The problem
Restate the whole of the data below word for word, skipping the images.

Data segment

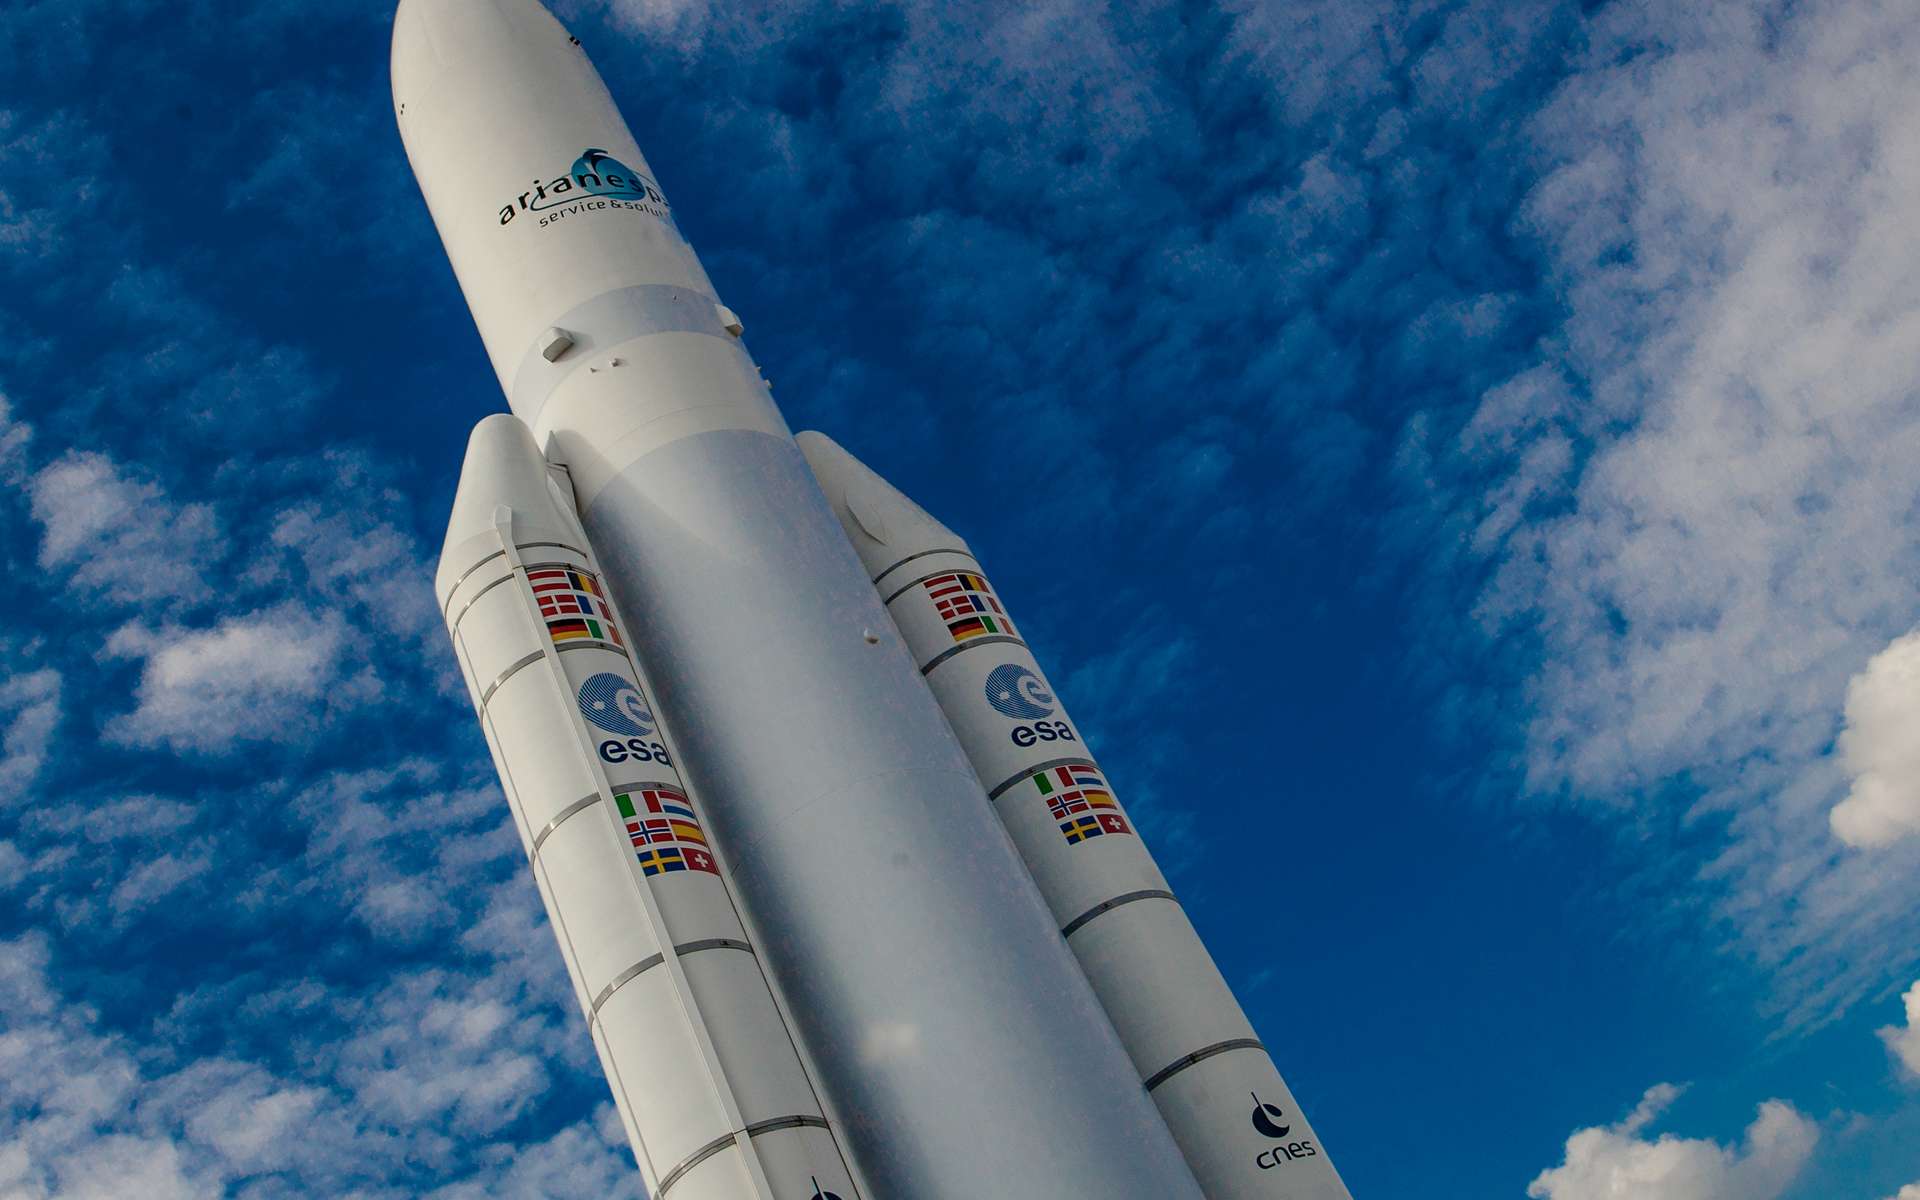 Le dernier vol de la mythique Ariane 5 aura lieu demain soir !
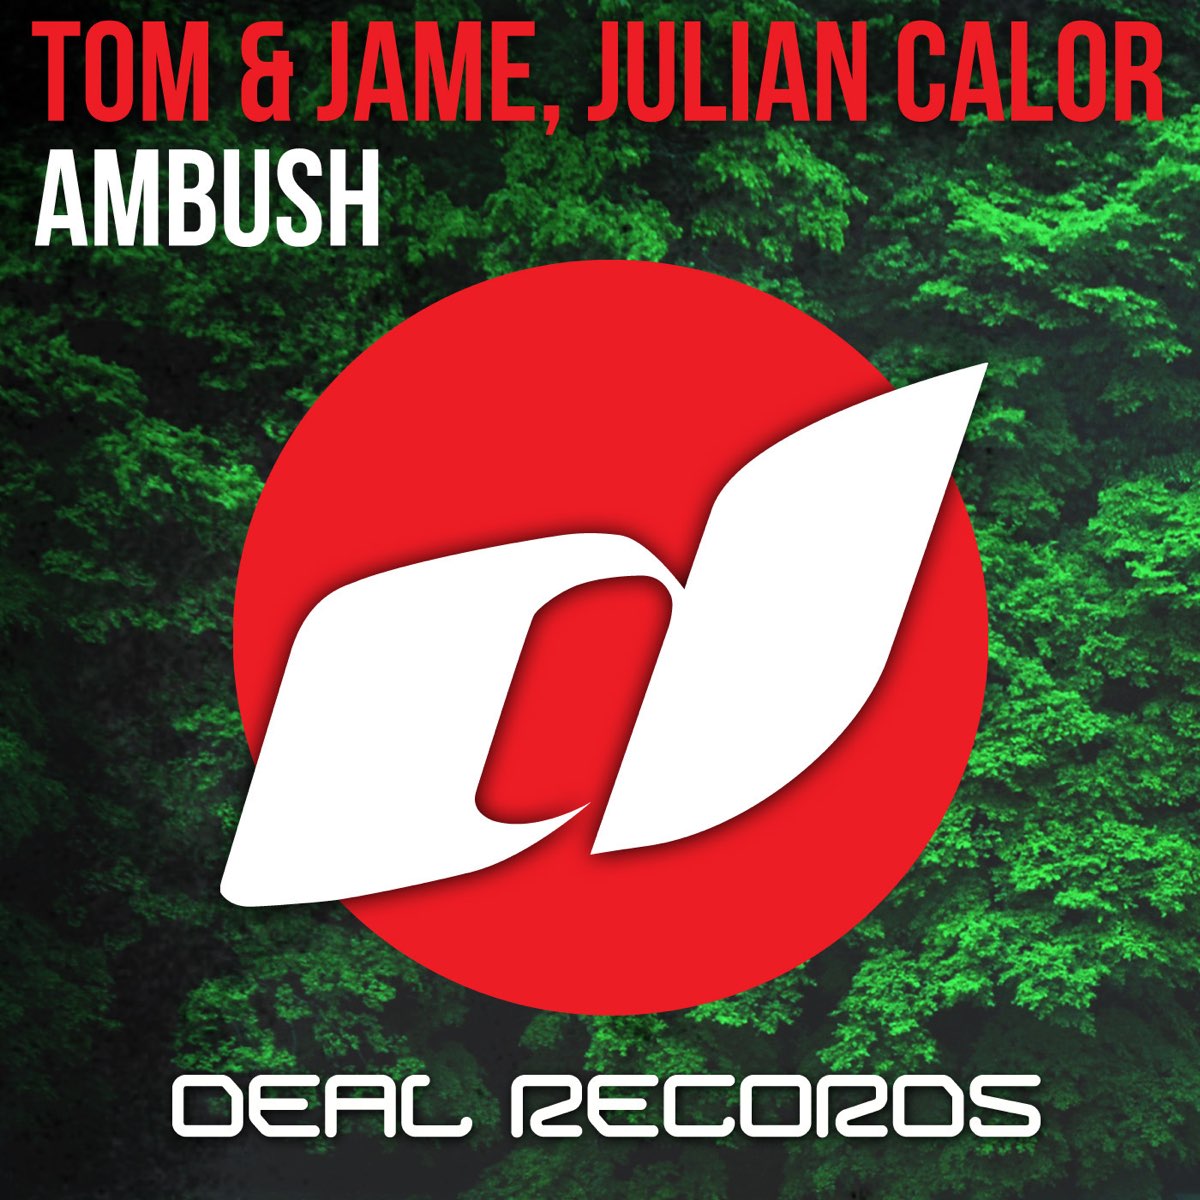 Засада песня. Tom Jame. Julian calor - Typhoon (Original Mix).
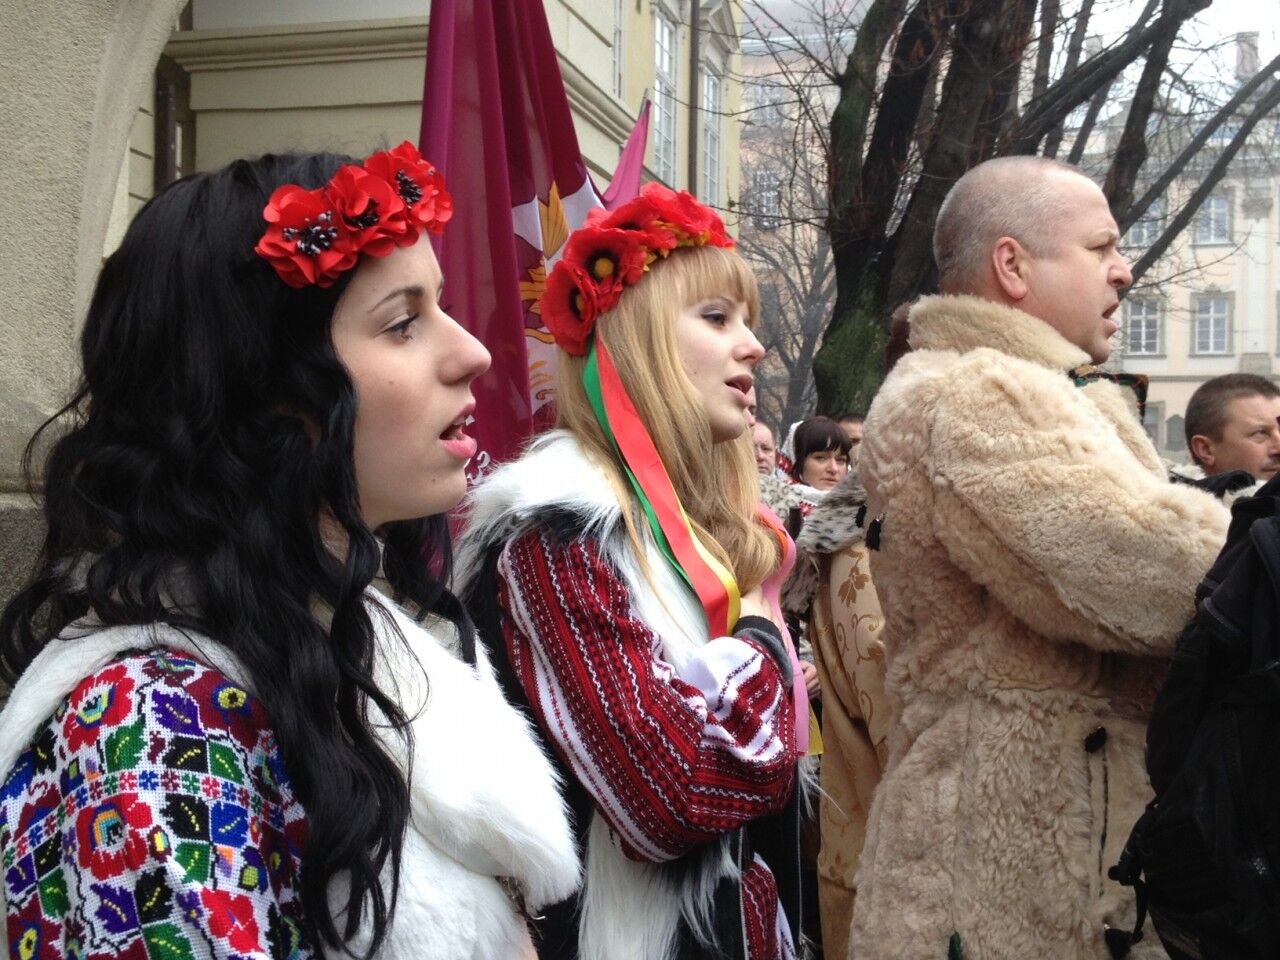 Во Львове массово спели гимн Украины

Response for this exercise
 Le dernier vol de la mythique Ariane 5 aura lieu demain soir !
 Засада песня. Tom Jame. Julian calor - Typhoon (Original Mix).
 Во Львове массово спели гимн Украины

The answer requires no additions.